Friday, August 15th, 2008
ODA director: State should support ethanol
By Nancy Allen
Photo by Nancy Allen/The Daily Standard
Ohio Department of Agriculture Director Robert Boggs, right, talks with Bob Pohlman, a supervisor with the Mercer County Soil and Water Conservation District on Thursday at the Mercer County Fair. Boggs is making the rounds of many county fairs in the state talking with ag officials.
The director of the Ohio Department of Agriculture (ODA) said the state should continue to pursue ethanol as an alternative energy source despite continued high grain costs crushing many livestock producers.
The demand for corn for ethanol production has played a part in exploding corn and grain costs hurting livestock farmers.
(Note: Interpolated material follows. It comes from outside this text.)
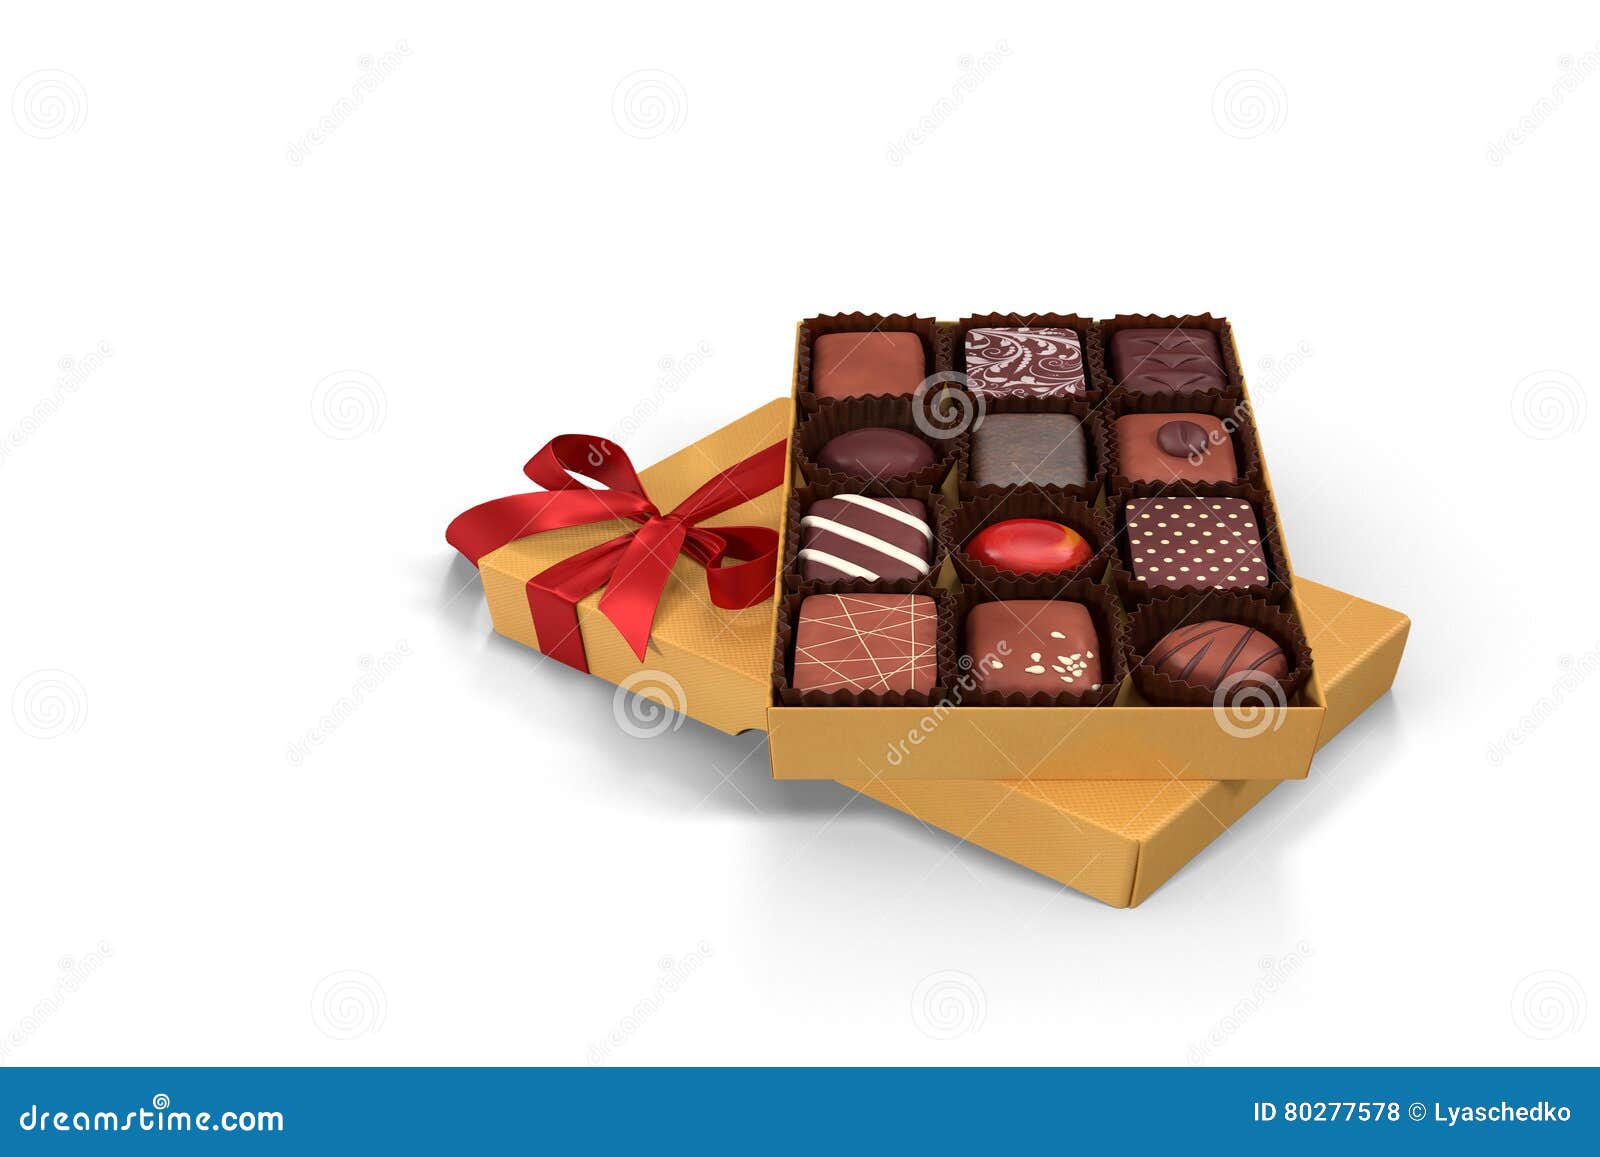 Regali Di Cioccolato Per Natale.Illustrazione 3d Una Scatola Di Cioccolato Regalo Di Festa Fotografia Stock Immagine Di Feste Anniversario 80277578

But most of the increase has been caused by higher energy costs, said ODA Director Robert Boggs, who toured the Mercer County fairgrounds on Thursday with local ag officials.
"We have to do something about our $700 billion a year petroleum addiction," Boggs said. "(Corn ethanol's) not perfect. We need to move more toward cellulosic (ethanol)."
He said the state also needs to look at other energy sources such as methane digesters which turn methane gas from manure into energy and also look at solar and wind energy.
The state's recently passed energy bill will allow more accessibility to the energy grid for these alternative energy generating sources, said the ODA director.
He added that, although 20 percent of Ohio's corn is being diverted to ethanol production, the state is producing 30 percent more corn than it did a year ago. The new ethanol plants going up in Ohio also are 30 percent more efficient than ones built 10 or more years ago.
"Just like petroleum plants, they weren't so efficient at first," Boggs said, adding that Ohio State University researchers are working with private companies to increase the efficiency of newer ethanol plants to 95 percent. Currently they are about 90 percent efficient, he said.
Continued advancement in bioengineering and large, permitted farms are necessary for Ohio to compete in the world economy and to continue to produce enough crops and food to meet demands, according to Boggs.